Im Mittelpunkt des Titelbildes für die 27. Horber Schienen-Tage steht die Bosporus-Lok. Sie ist ein Symbol für das Zusammenwachsen des Schienenverkehrs in Europa. Ein Zug vom Bosporus bis zur Nordsee kann mit einer einzigen Lok durchgehend geführt werden. Die Logos der verschiedenen Bahngesellschaften stehen für diese Fähigkeit.
Die Bosporus-Lok ist der jüngste Sproß einer Entwicklung, die vor über dreißig Jahren begann. Mit der Lok DE 2500 der Firma Henschel kam erstmals moderne Drehstromtechnik auf die Schienen. Nach zahlreichen Versuchen wurde die Drehstromtechnik serienmäßig in der Elok E 120 eingesetzt. Auf dieser Basis entwickelte die Firma Siemens eine moderne Ellok für Spanien. Eine Lok aus dieser Serie wurde für den Einsatz in Deutschland adaptiert und der DB als E 127 Euro-Sprinter zur Verfügung gestellt. Der Euro-Sprinter wiederum ist der Urahn der erfolgreichen Loktype Taurus, zu der auch der Bosporus-Sprinter gehört.

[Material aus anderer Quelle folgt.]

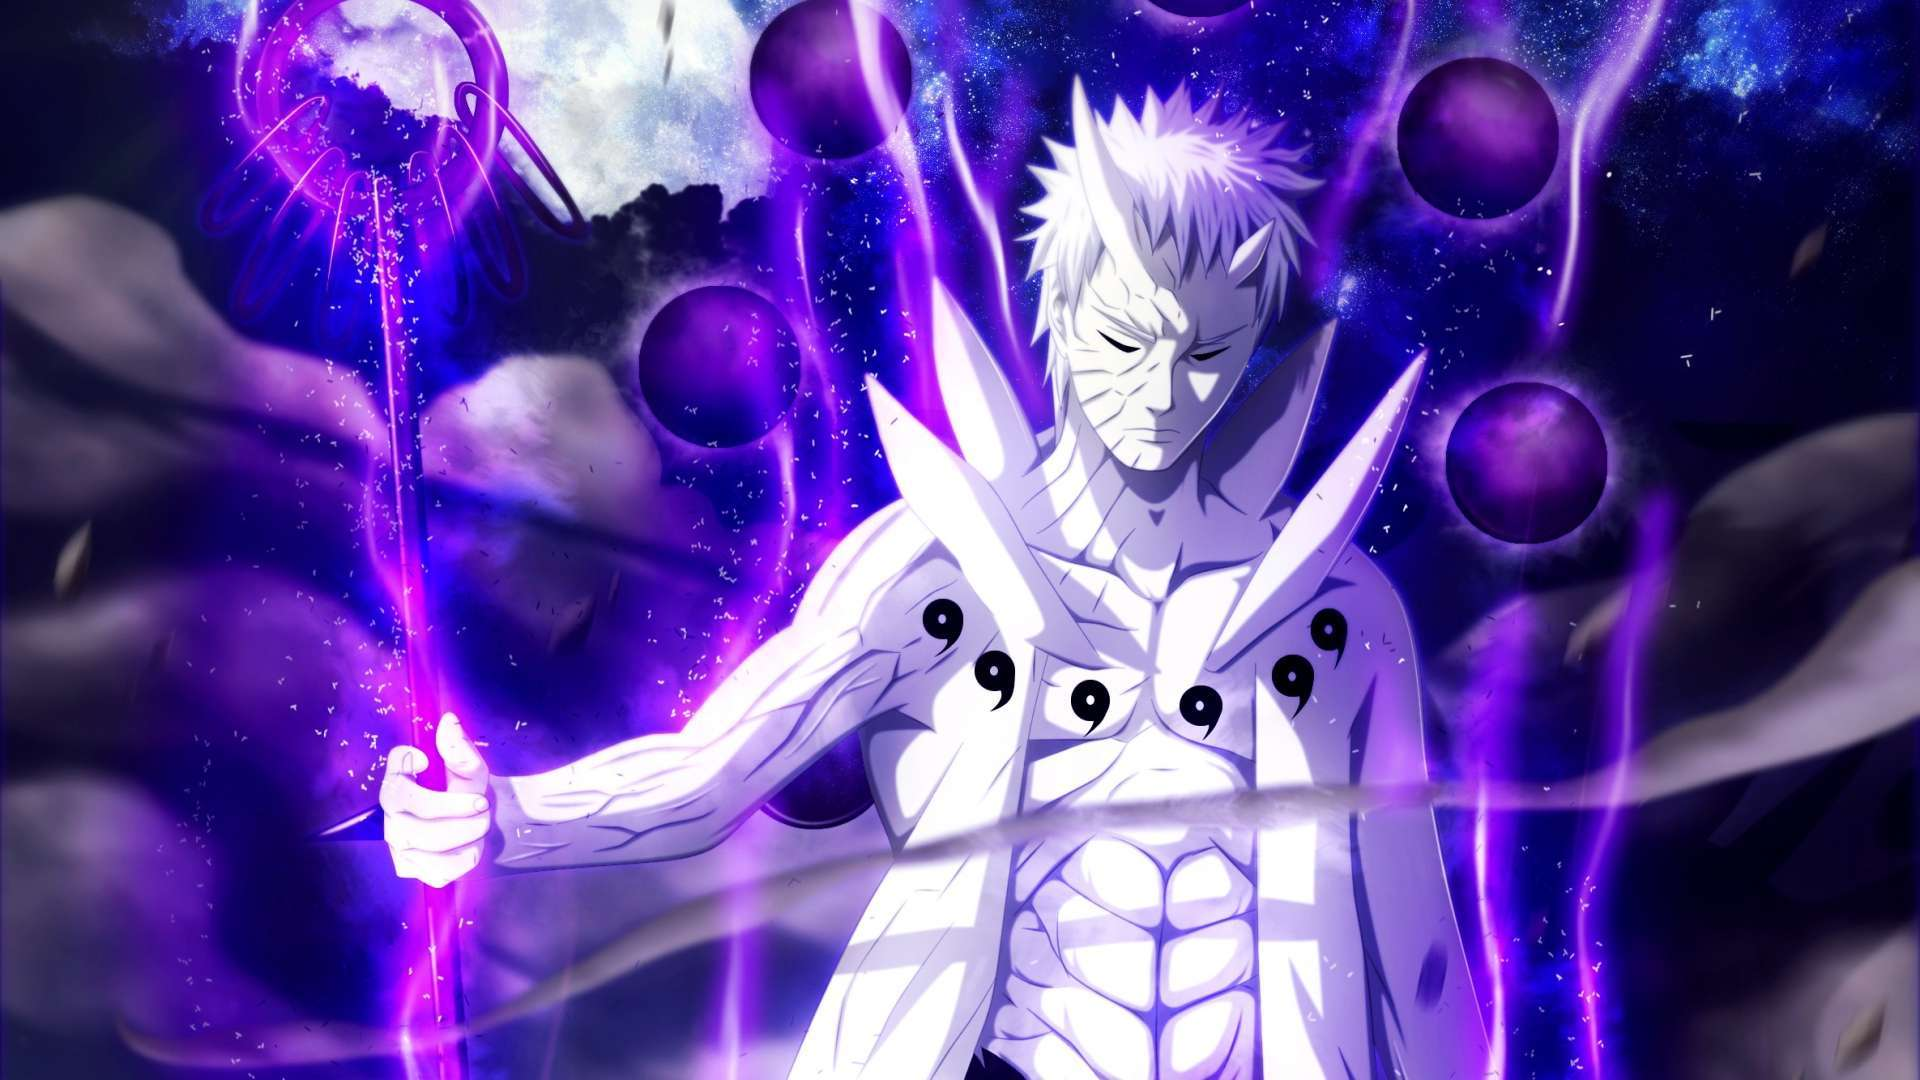 1080p Anime Wallpaper Download Free Best Anime Wallpaper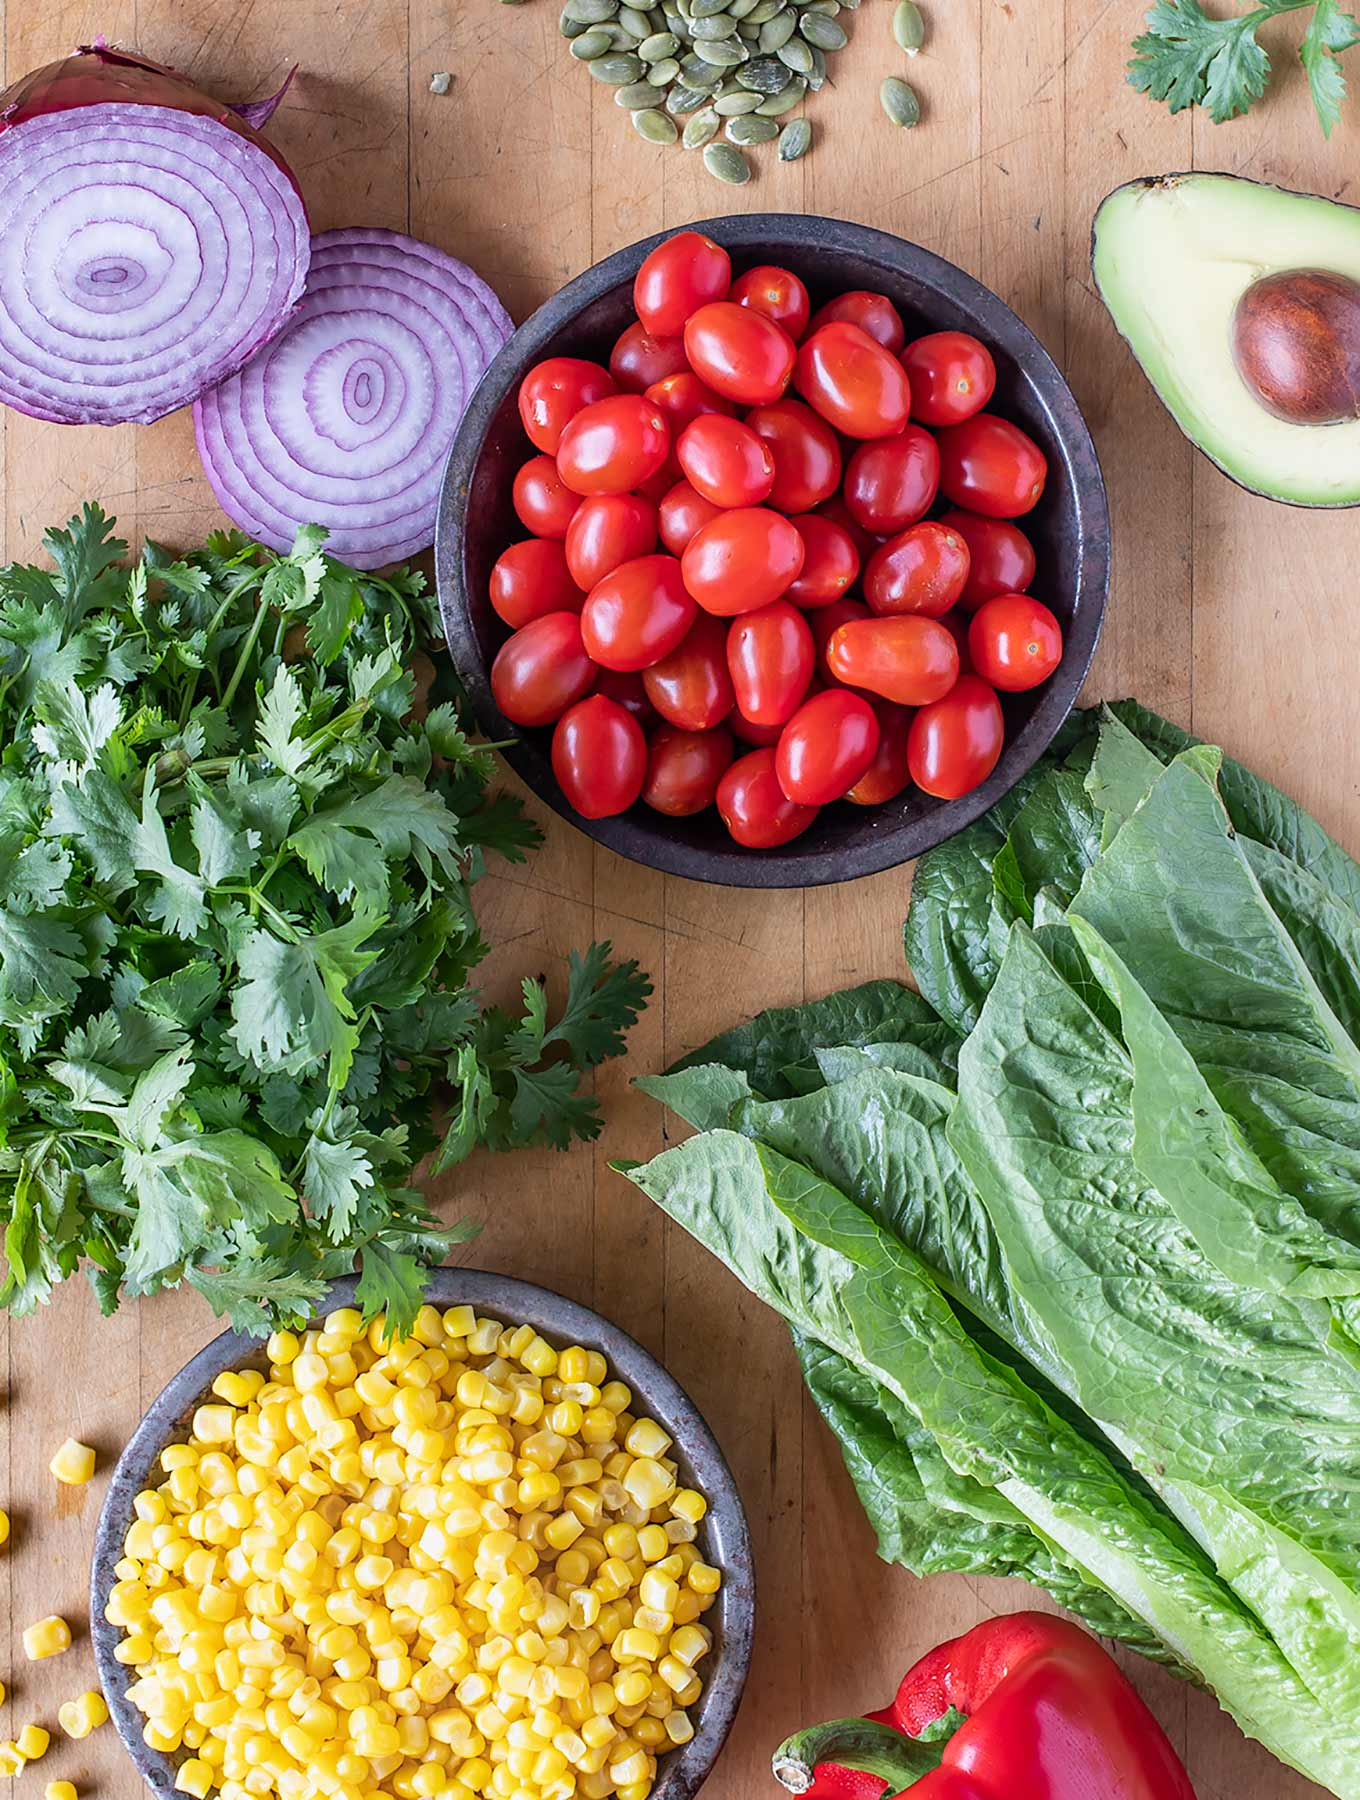 Assortment of fresh salad ingredients

Sowohl die DE 2500 als auch die E 127 wurden auf Initiative der Bahnindustrie erprobt. Damit hat sich, damals weitgehend unbemerkt, die Rolle der Bahnindustrie vom nationalen Zulieferer, dem "Hoflieferanten", zu einem internationalen Anbieter verändert. Dieser Prozeß ist noch in vollem Gange, wie sich am oft erbitterten Ringen um Beschaffungsrichtlinien immer wieder zeigt. Ebenfalls symptomatisch für die Veränderung: Der Eurosprinter ist ebenso wie die Bosporus-Lok im Fahrzeugbestand eines internationalen Leasinganbieters und nicht im Fuhrpark einer nationalen Eisenbahngesellschaft. Ist der Beitrag der Eisenbahn zu unserer Zukunft ihr Anteil an der globalen Wirtschaft?
Oder liegt der Beitrag der Eisenbahn zu unserer Zukunft mehr in der Mobilität in großen Ballungsräumen unabhängig vom Auto, für den stellvertretend ein Zug der S-Bahn München steht?
Oder liegt der Beitrag der Eisenbahn zu unserer Zukunft, wie ein ortskundiger Zyniker anmerkt, in der Aufgabe weiter Flächen, auf denen anstelle von Schienen moderne Büro- und Geschäftsbauten errichtet werden? Die Gebäude auf dem Bild sind auf dem Areal eines Güterbahnhofs errichtet worden, der über Jahrzehnte das innenstadtnahe Containerterminal für die Stadt München war. Das Stellwerk in der Bildmitte ist ebenfalls Zeuge einer verflossenen Ära der Eisenbahn.
Das so harmlos wirkende Titelbild bietet eine Menge Stoff zum Nachdenken. Einige der aufgeworfenen Fragen wurden bei den Horber Schienen-Tagen 2009 behandelt, die Fragen stehen in Zukunft sicher wieder auf dem Programm.